Delta International Machinery Corp., Third-Party Plaintiff, v. Anthony's Custom Closets, Inc., Third-Party Defendant.
Upon the reading and filing of the following papers in this matter: (1) Notice of Motion by third-party defendant dated July 30, 2018, and supporting papers; (2) Affirmation in Opposition by third-party plaintiff dated September 14, 2018, and supporting papers; (3) Supplemental Affirmation in Opposition by third-party plaintiff dated November 1, 2018, and supporting papers; (4) Affirmation in Opposition by plaintiff dated December 31, 2018, and supporting papers; (5) Reply Affirmation to Opposition by Third-Party Plaintiff by third-party defendant dated October 26, 2018; and (6) Reply Affirmation to Plaintiff's Opposition and Defendant/Third-Party Plaintiff's Supplemental Opposition dated February 5, 2019, and supporting papers, it is
ORDERED, that third-party defendant Anthony's Custom Closets, Inc.'s motion for summary judgment, pursuant to CPLR § 3212, is DENIED.
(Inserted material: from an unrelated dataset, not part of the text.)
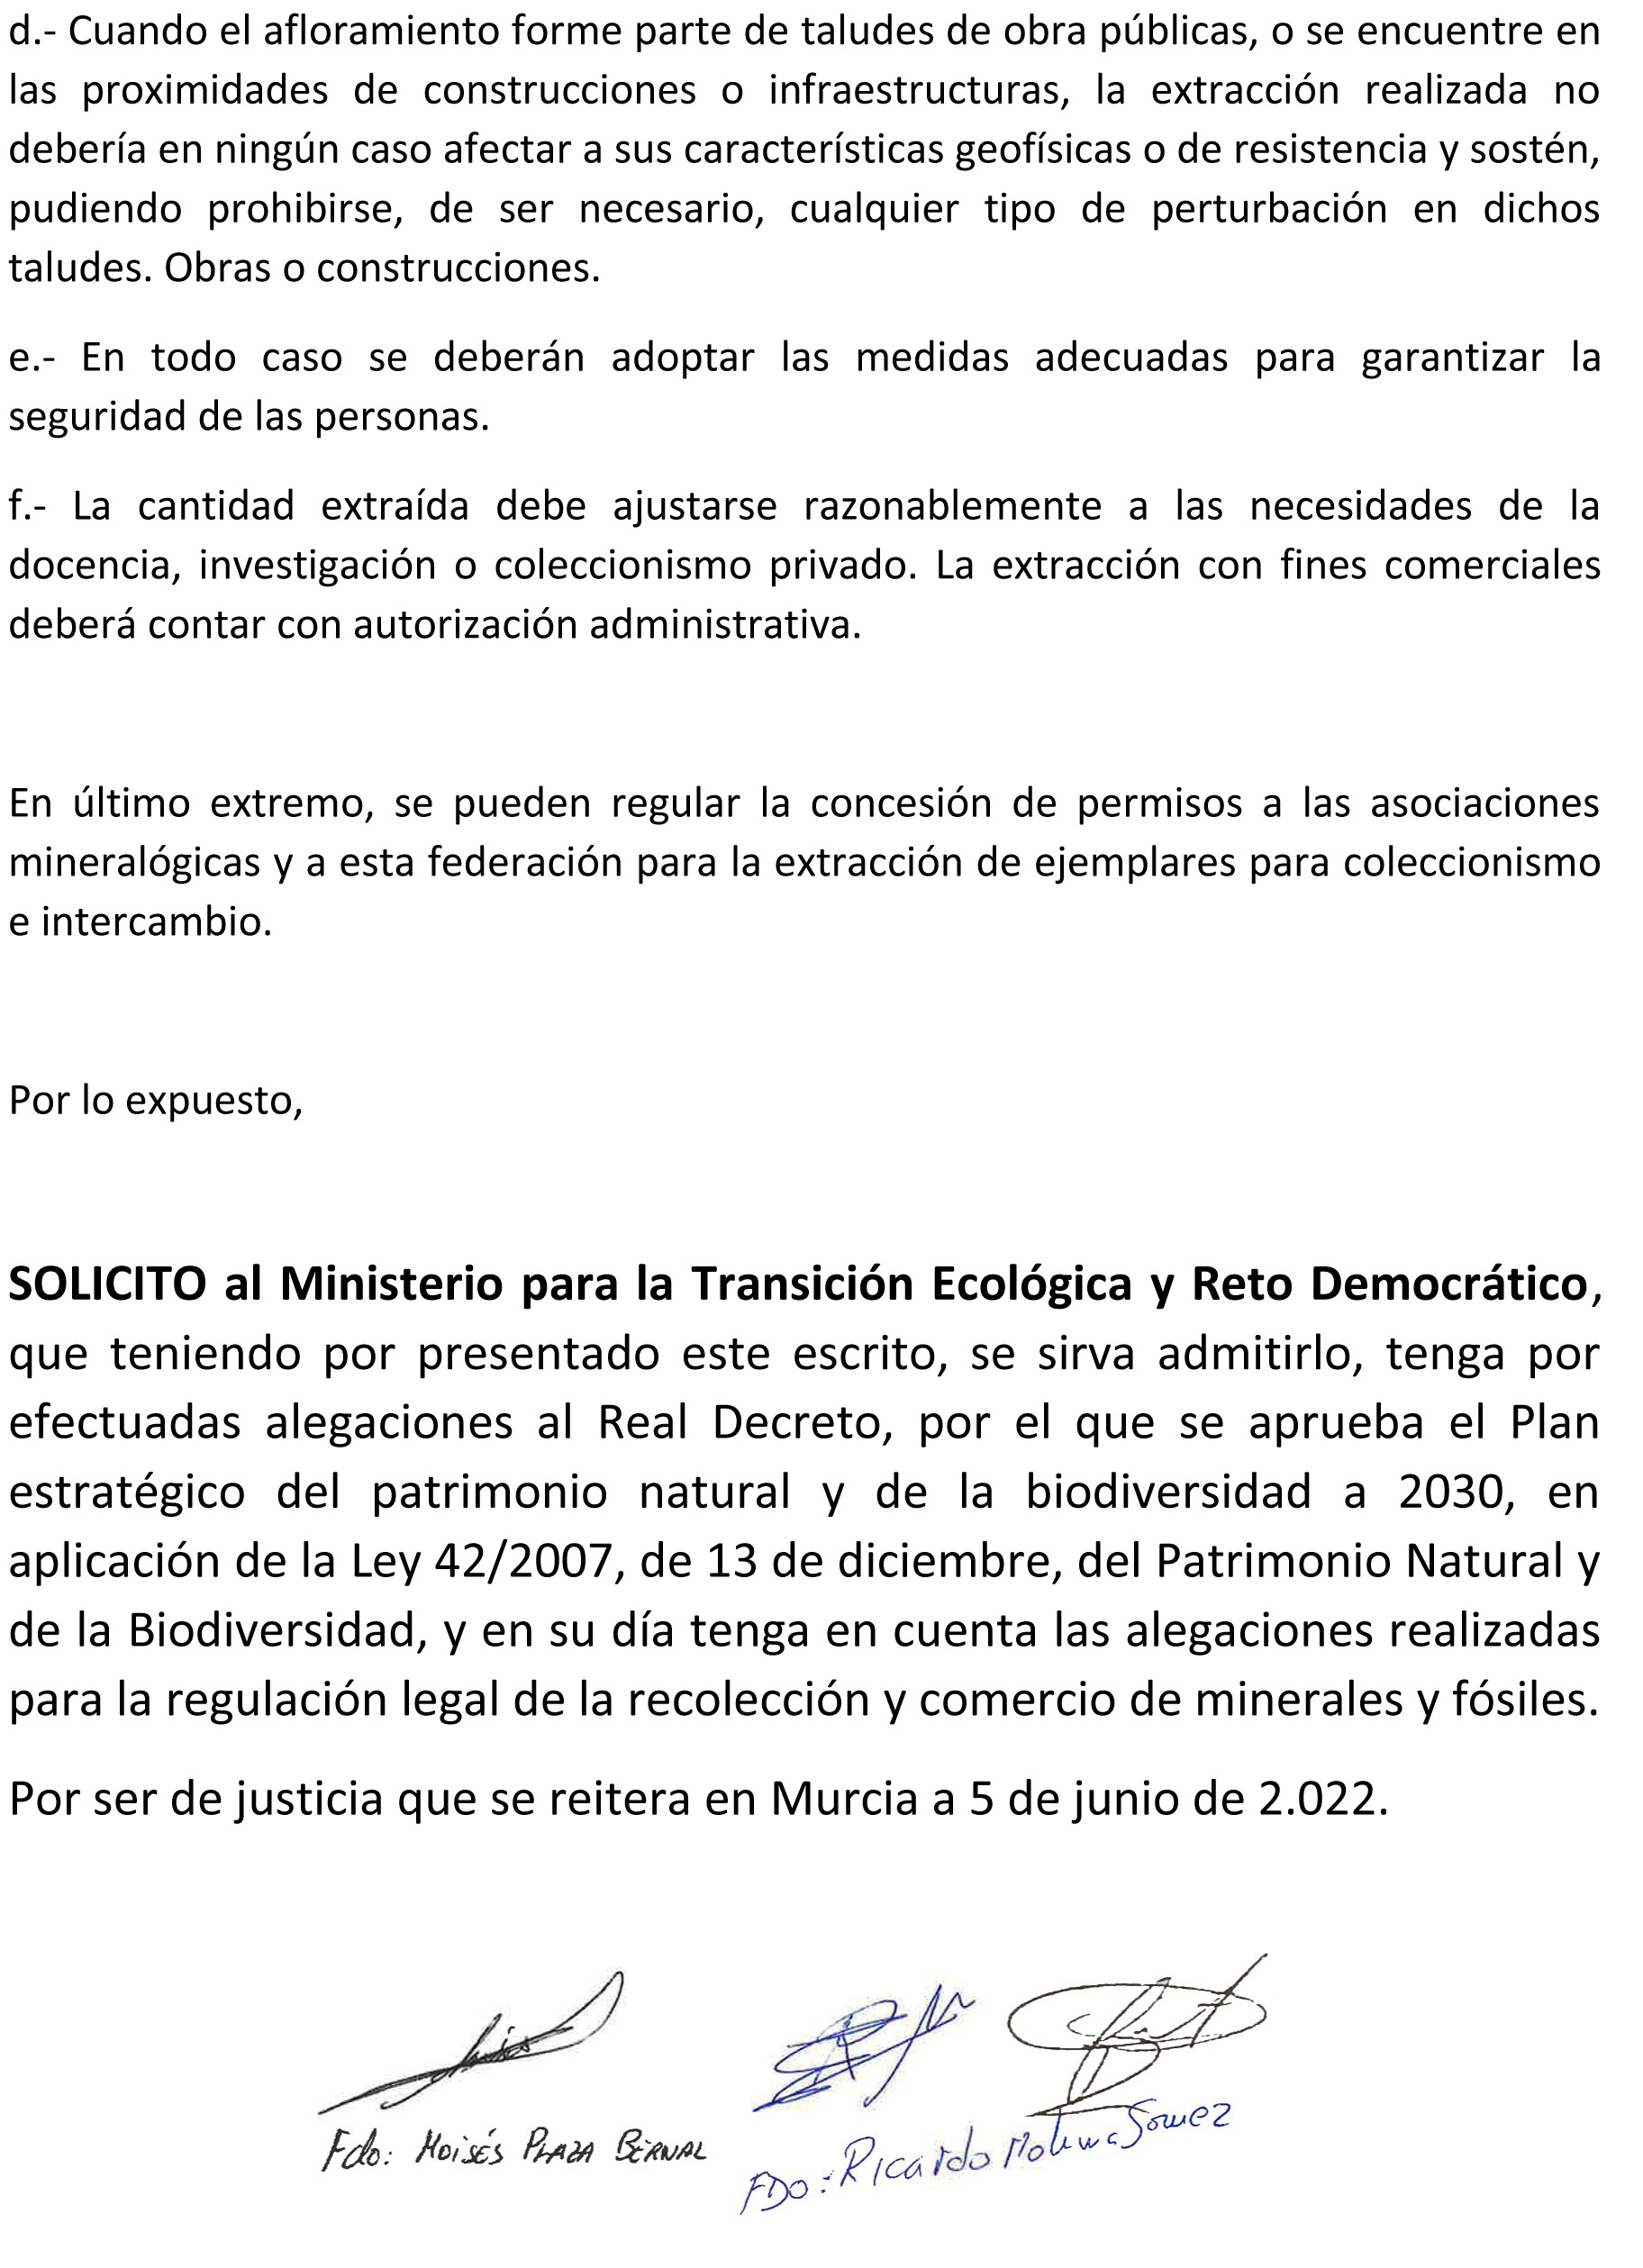 Alegaciones al Real Decreto, por el que se aprueba el Plan estratégico del patrimonio natural y de la biodiversidad a 2030, en aplicación de la Ley 42/2007, de 13 de diciembre, del Patrimonio Natural y de la Biodiversidad.

This is an action to recover damages for personal injuries sustained by plaintiff Hugo Chavez on March 3, 2010, while using a table saw to cut a length of wood at the Yaphank, New York premises of his employer, third-party defendant Anthony's Custom Closets, Inc.(“Anthony's). Plaintiff alleges that when he put his left hand around the back of the blade of the saw to catch a piece of the wood that he had cut, the blade kicked the wood backwards, pulling his left hand into the blade. As a result, plaintiff sustained serious injuries to his left hand, including amputation of both his left middle finger and his ring finger. Plaintiff commenced an action against defendants sounding in negligence, strict products liability, design defect and breach of warranty. Defendant-third-party plaintiff Delta International Machinery Corp. (“Delta”) commenced a third-party action against Anthony's. Anthony's now moves for summary judgment dismissing the third-party complaint on the ground that plaintiff did not sustain a “grave injury” as defined in Worker's Compensation Law § 11.
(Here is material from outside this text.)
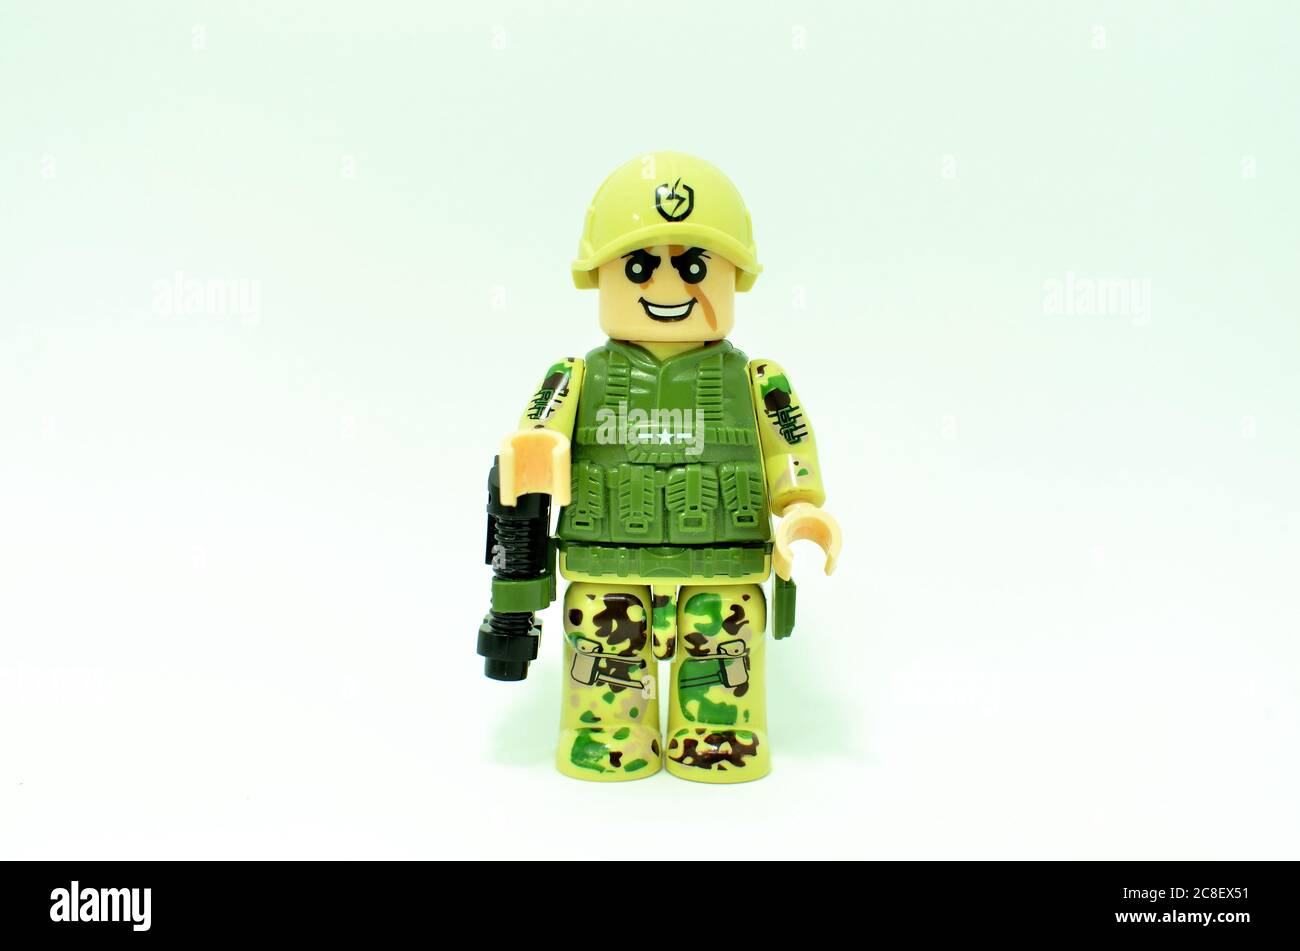 Armeekonzept, Special Forces / SAS, vertreten durch kleine Spielzeugsoldaten Stockfoto

In support of its motion, Anthony's proffers, inter alia, copies of the pleadings, a report, dated April 19, 2018, of a physical examination of plaintiff conducted on that date on behalf of Anthony's by Dr. Teresa Habacker, a portion of the plaintiff's worker's compensation file, the transcript of plaintiff's deposition testimony, plaintiff's response to interrogatories propounded by Delta and a photograph of plaintiff's left hand.
In opposition to the motion, counsel for Delta proffers an operative report from Stony Brook Hospital; a report, dated February 14, 2012, of an independent medical examination of plaintiff's left hand performed by Dr. Jerry L. Ellstein in connection with plaintiff's Worker's Compensation claim; and another copy of the transcript of plaintiff's deposition testimony. Plaintiff, who also opposes Anthony's motion, proffers both Dr. Ellstein's report and the report of a November 13, 2018 physical examination of his left hand performed at his request by Dr. Salvatore R. Lenzo.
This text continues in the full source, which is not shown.